Через полчаса они беседовали как старые приятели. Вино стояло нетронутое. Надя измазалась шоколадом, раскраснелась, успокоилась. Вздорные мысли покинули ее. Федор Анатольевич говорил без умолку, глухо, возбужденно, иногда подносил рюмку ко рту, но тут же ее отставлял:
— Время — вот бог над людьми, вот высшая инстанция. Неумолимое коварное время. Я помню, Надя, как умолял раньше время: ну пожалей! не уходи от меня так скоро! Я тогда хорошо чувствовал, что время — единственный бог. Его частицы рассеяны в нас. Мы приходим из времени и уходим в него. Я физически его чувствовал, как реку, которая нас уносит. Там, где омута, река замедляет течение. Слушаешь, Надя? Я искал во времени не скорости, а глубины. Но это трудно объяснить… Если бы не время, человек сам бы стал равен богу. Но оно сильнее… А потом я перестал замечать его власть. Пустяковый, в общем-то, случай выбил меня из колеи, и я забыл бога. Бога нельзя забывать, а человеческий бог — время.

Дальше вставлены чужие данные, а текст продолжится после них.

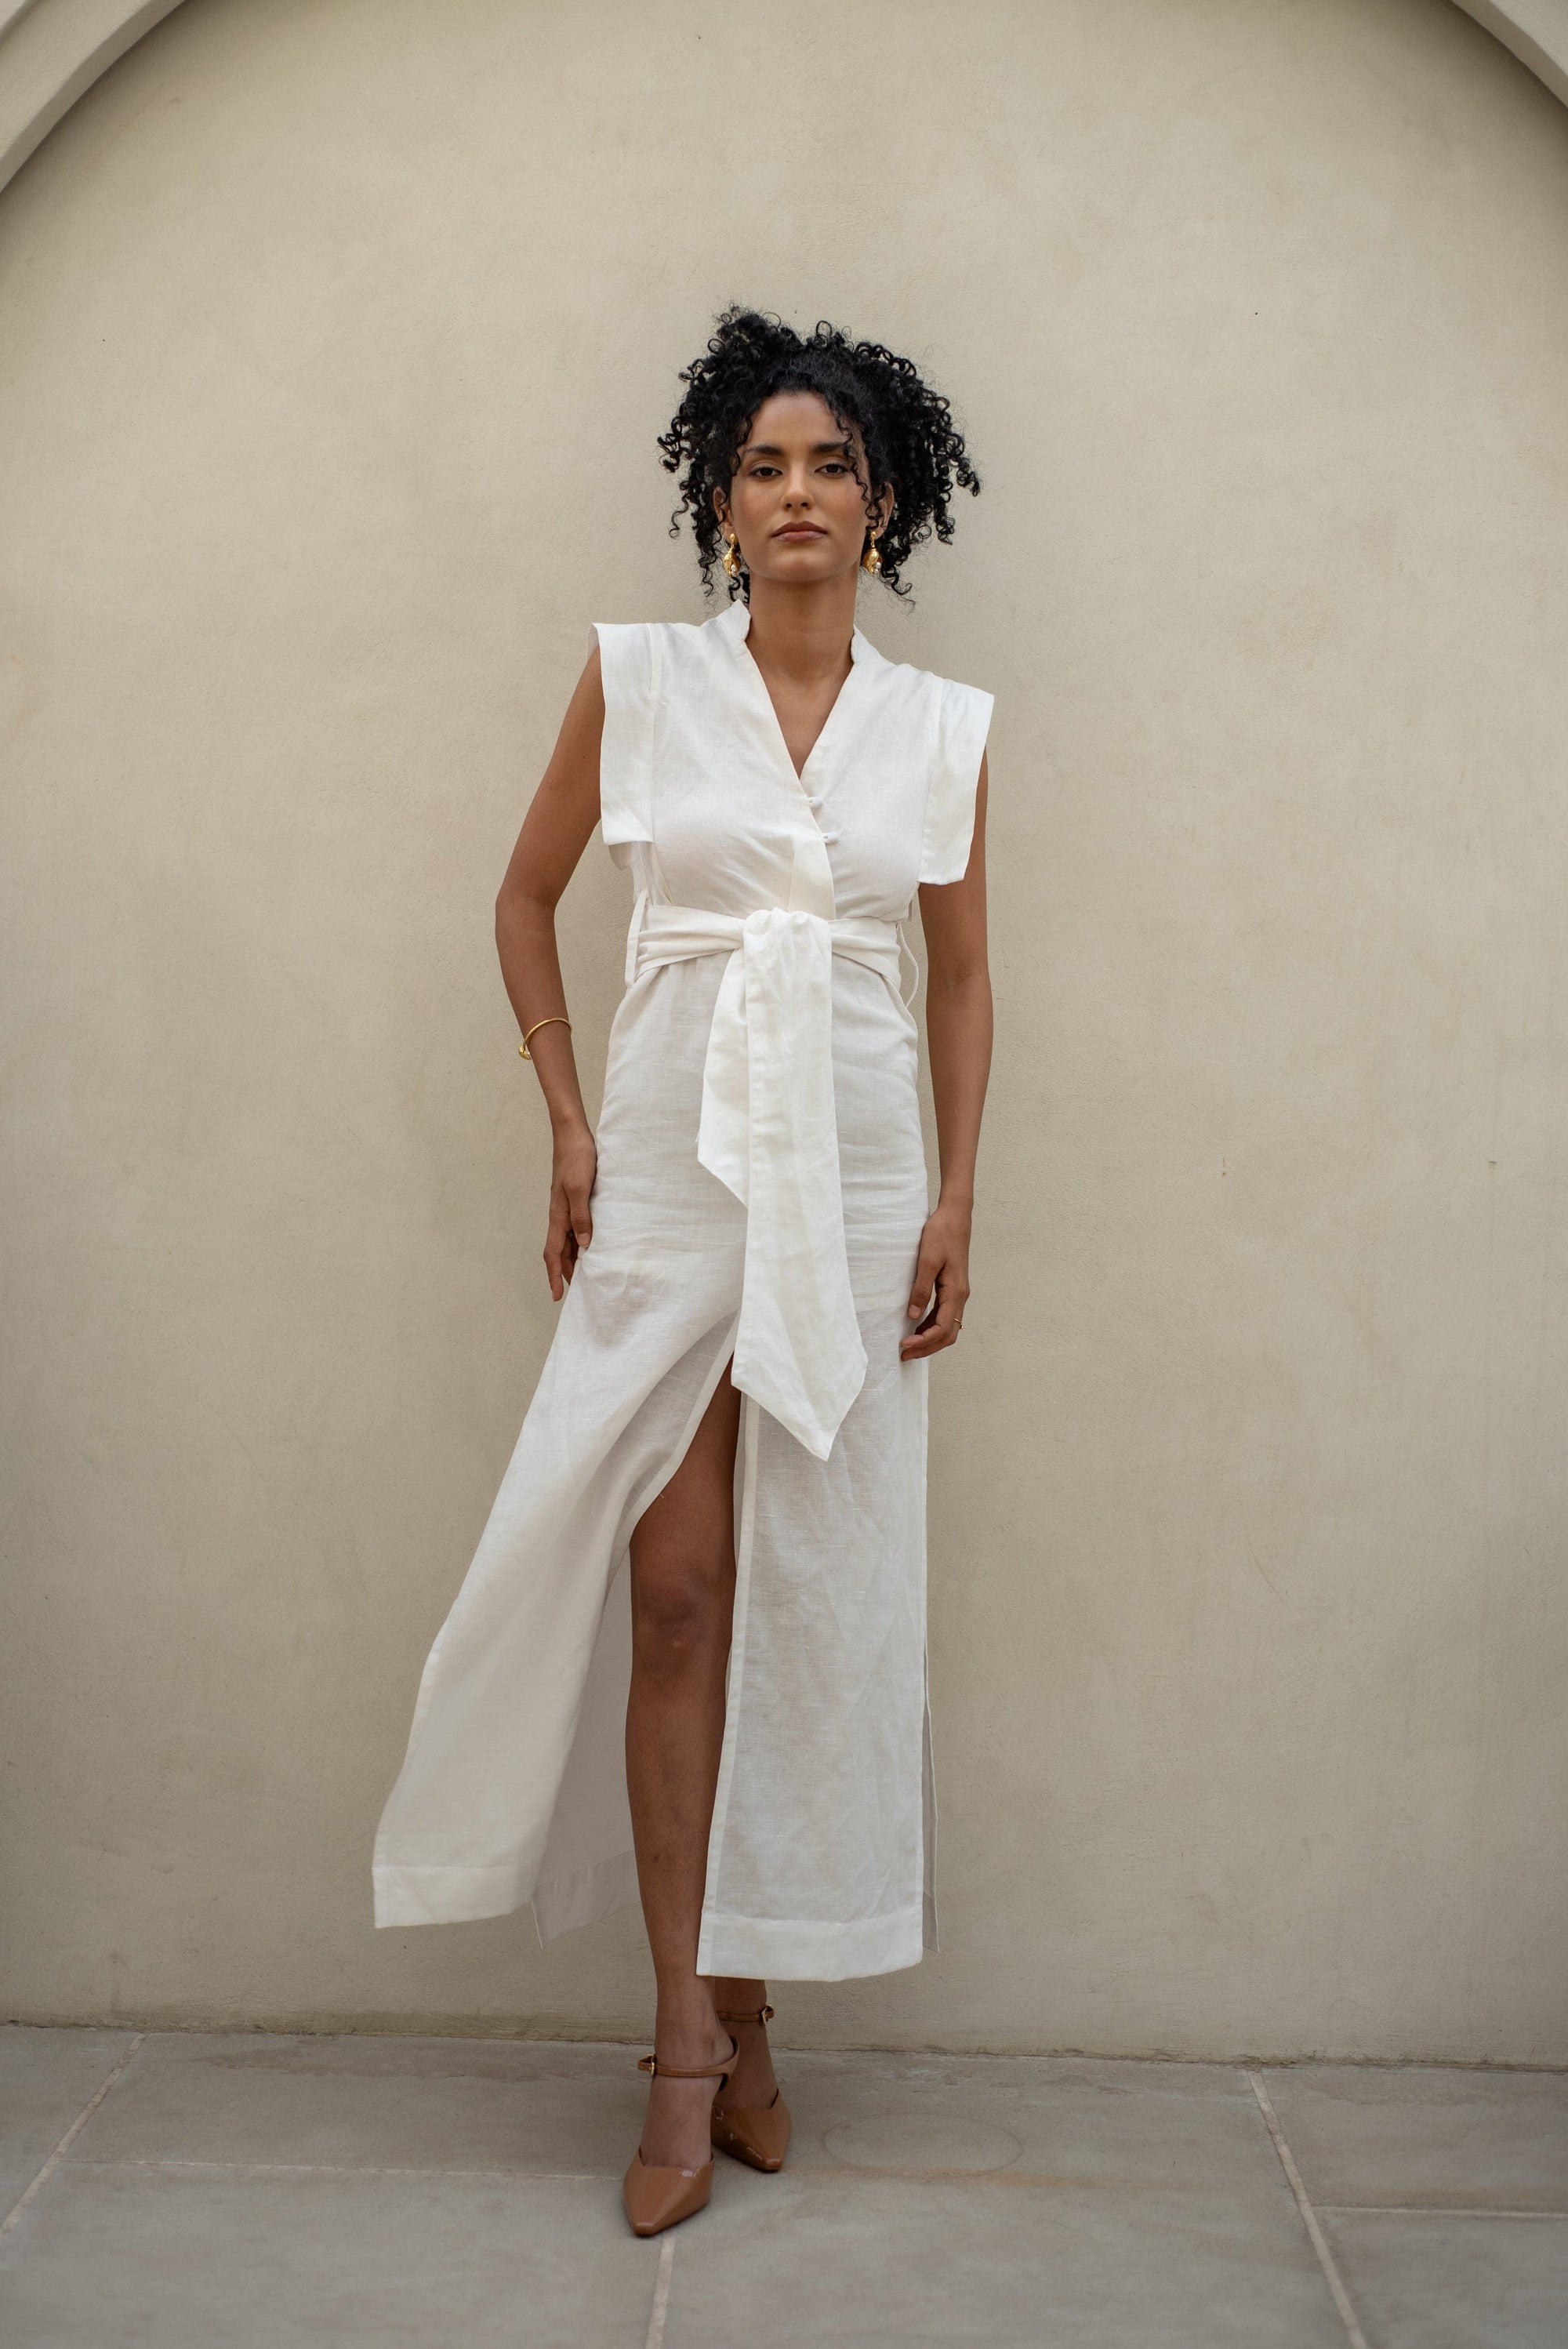 Ivory Linen Dress front shot image with model
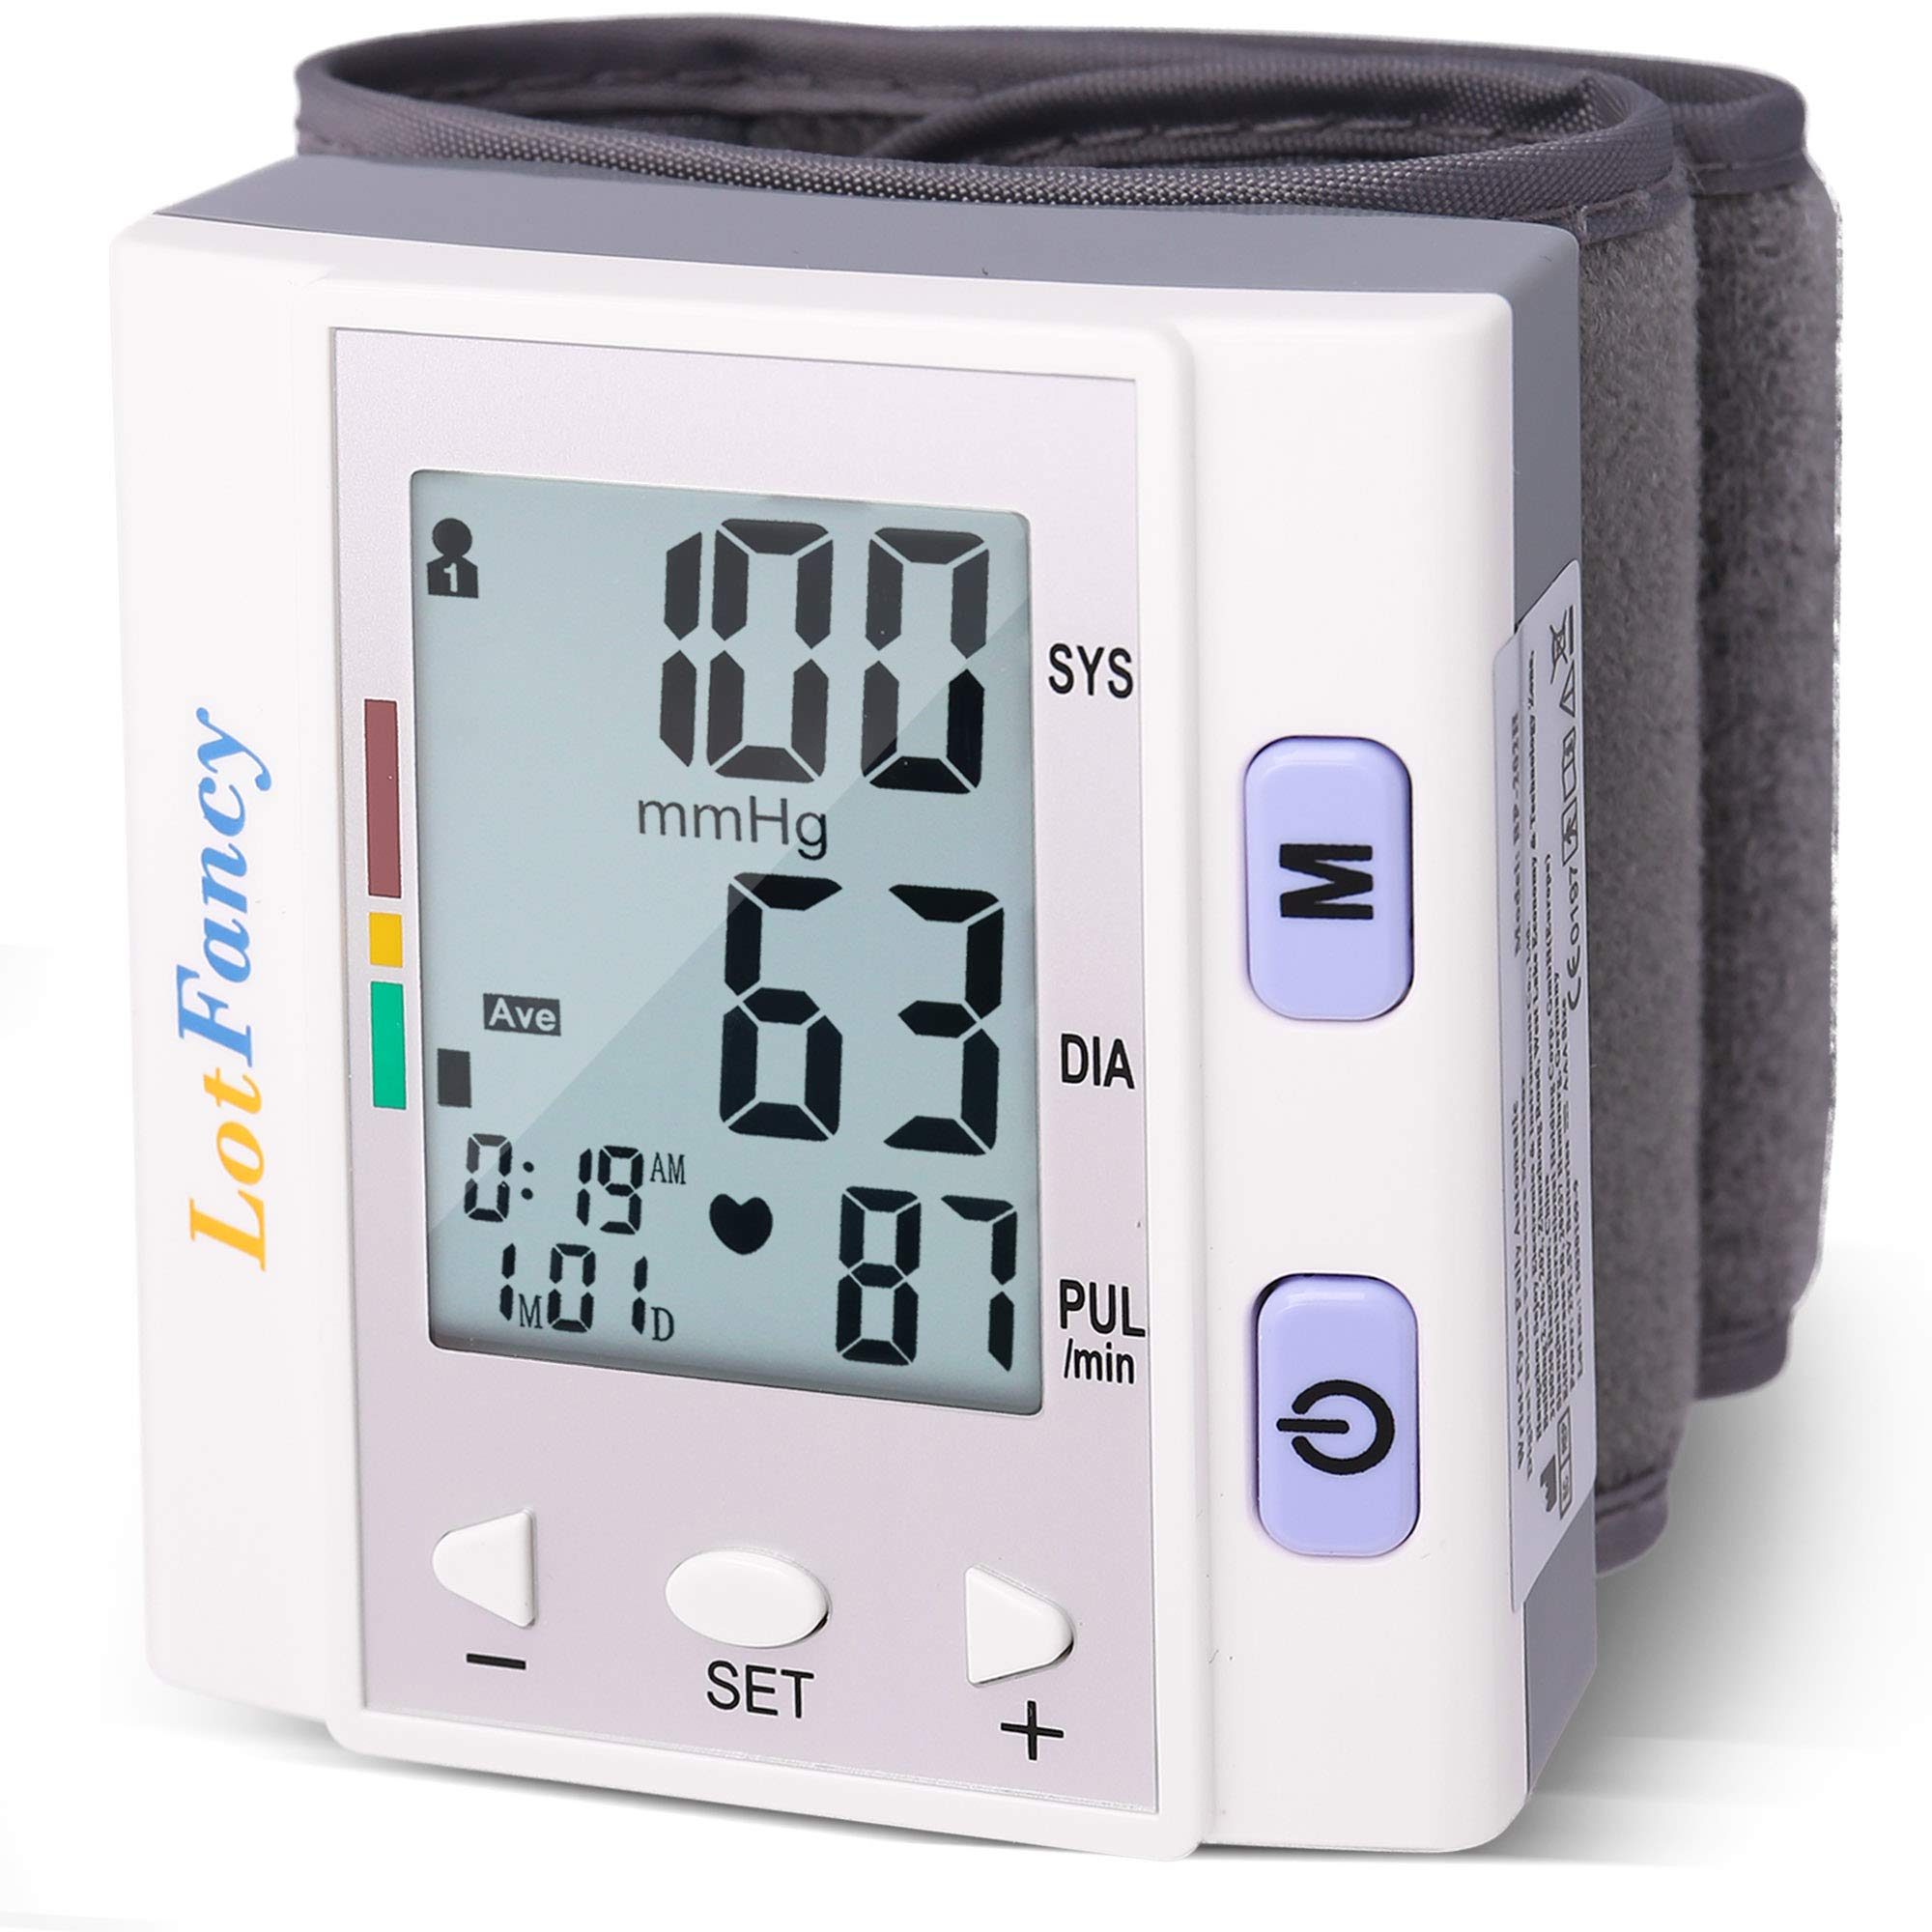  iHealth Push Wrist Blood Pressure Monitor, Digital

— Это фетишизм, — сказала Надя.
— Фетишизм? Пусть. Человек становится человеком с той минуты, когда его начинают мучить так называемые вечные вопросы. Например, какие? «Что есть жизнь?», «Почему человек смертен?» — и так далее. Очень, в сущности, простые вопросы, детские вопросы. Вопросы от лукавого. Но, однажды начав задавать их себе, человек теряет покой. Остановиться он уже не умеет, не властен. Он мечется, как раненый зверь, пока не найдет какую-нибудь лазейку в этой черной стене. Он смешон, нелеп со стороны — взрослый умный человек с детским испугом в глазах. Но ведь он переживает второе рождение. В чем смысл жизни? — вот что он хочет постичь своим несовершенным разумом. И каждый из обреченных постепенно вырабатывает собственную спасительную концепцию, вернее, заимствует ее из разных источников. Иногда совершенно неожиданных. Все религии — это не что иное, как приемлемые для большого числа людей концепции смысла жизни. И концепция эта всегда есть фетиш. Потому что до объективной истины (если она существует) одинокий человеческий ум дотянуться не в состоянии, не может. Из огромного числа идей он выбирает несколько, успокаивается на них и тогда уже начинает мало-мальски без страха существовать.
— А кто не находит?
— Тот погибает.
— Наука тоже фетиш, Федор Анатольевич?
— Один из самых типичных. И наука, и искусство, и философия, и… пьянство.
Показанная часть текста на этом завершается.